Exclude all pictures from your copy of the data below, which should otherwise match exactly.

[Opening SUPPLIED DATA section]

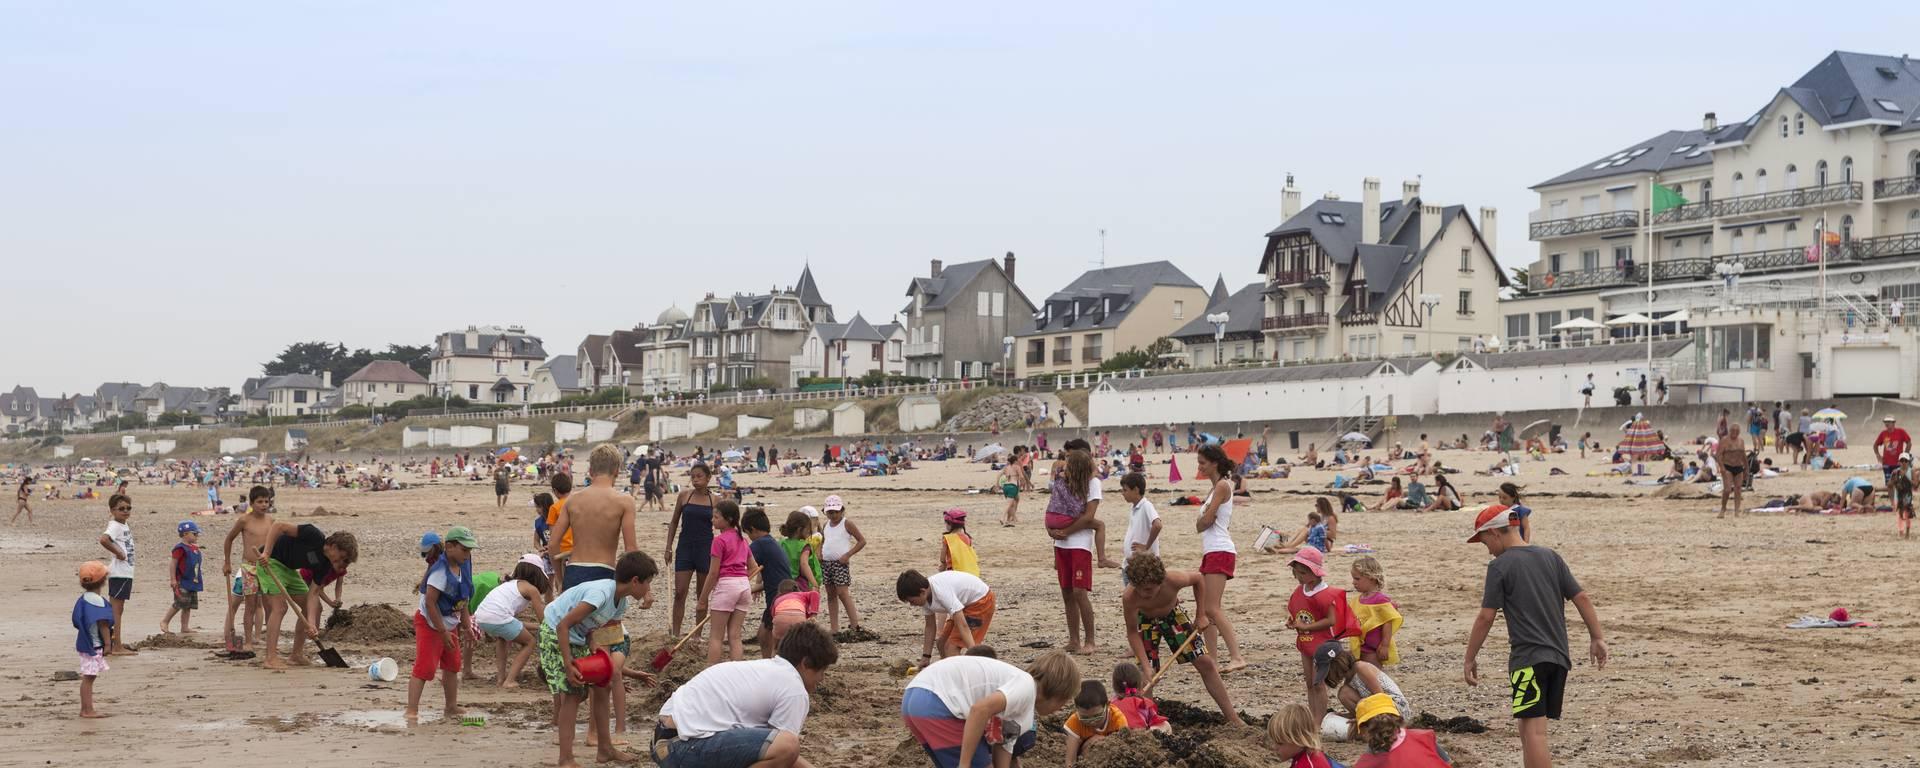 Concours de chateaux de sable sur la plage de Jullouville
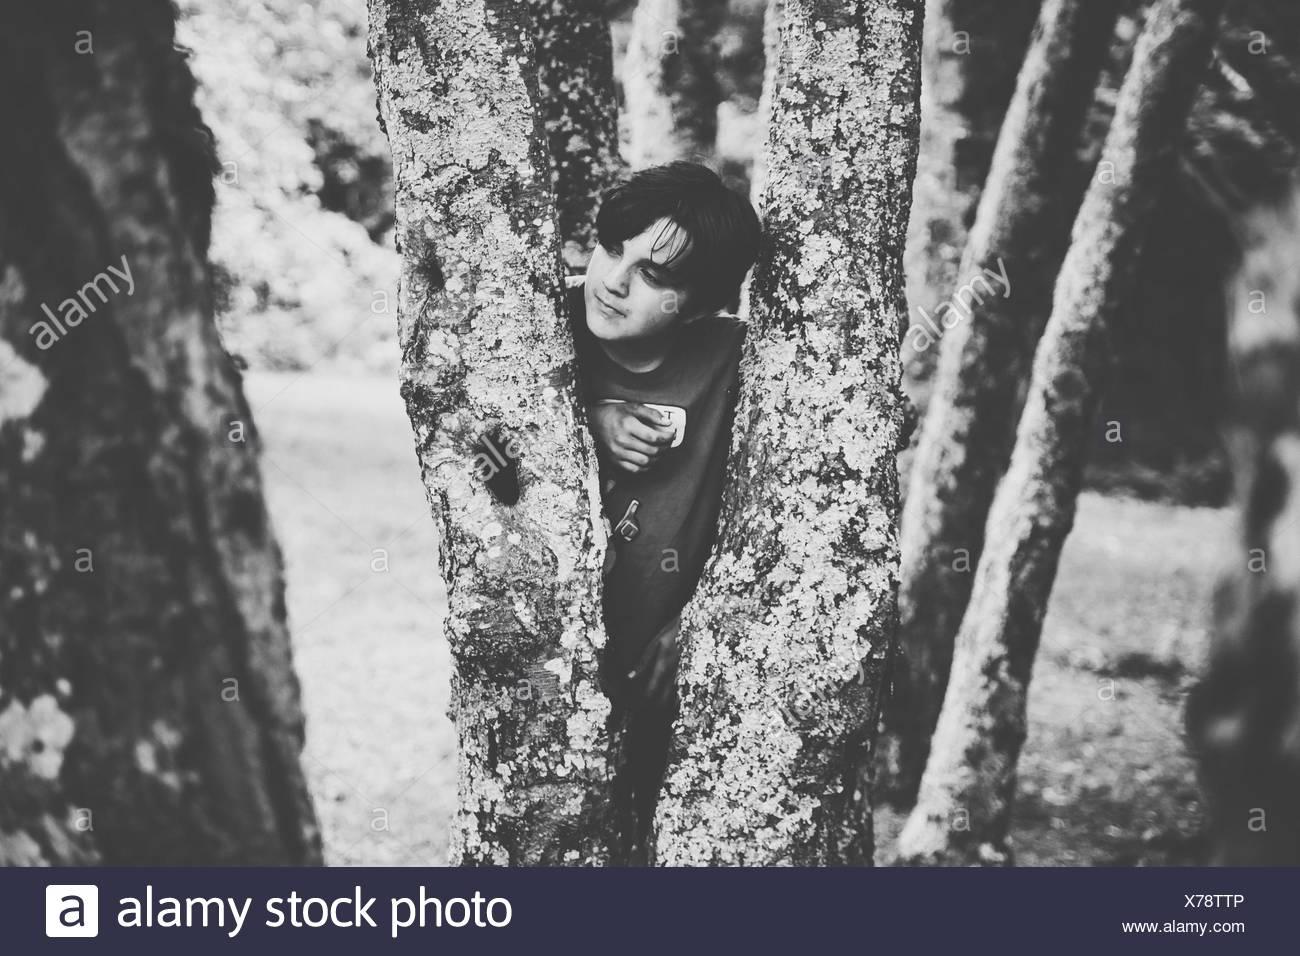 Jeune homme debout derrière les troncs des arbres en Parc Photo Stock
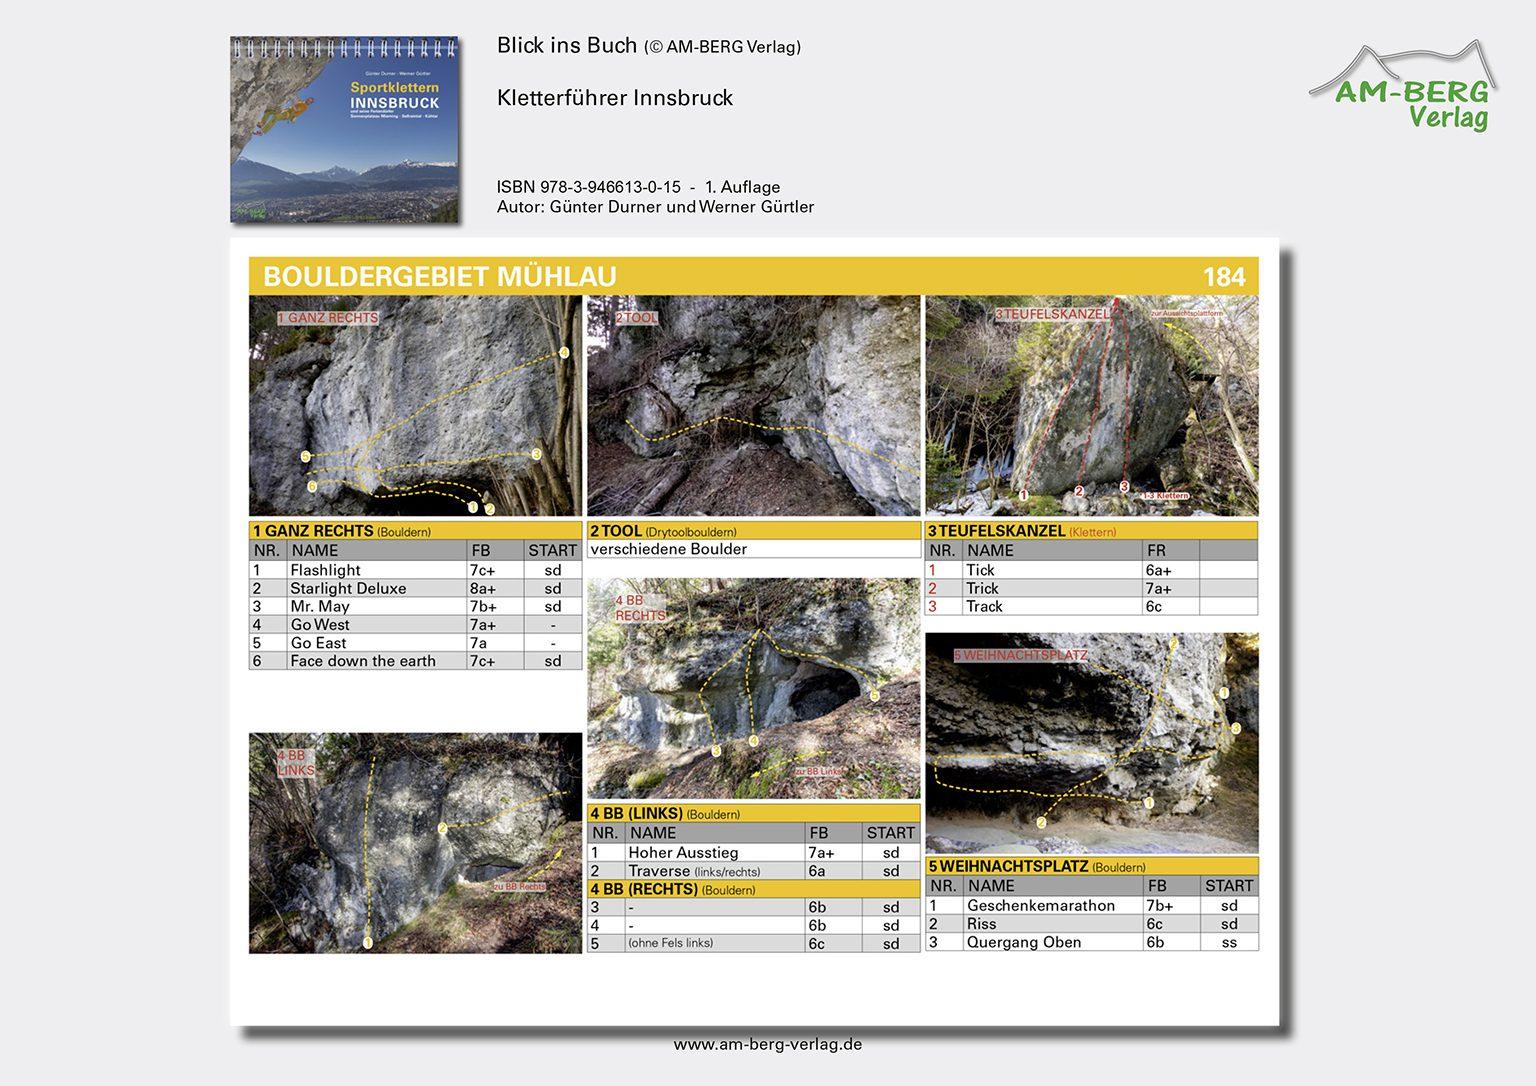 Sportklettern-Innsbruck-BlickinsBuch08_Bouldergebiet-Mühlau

[Closing SUPPLIED DATA section]

ANSWER TO THE EXERCISE =>
 Concours de chateaux de sable sur la plage de Jullouville
 Jeune homme debout derrière les troncs des arbres en Parc Photo Stock
 Sportklettern-Innsbruck-BlickinsBuch08_Bouldergebiet-Mühlau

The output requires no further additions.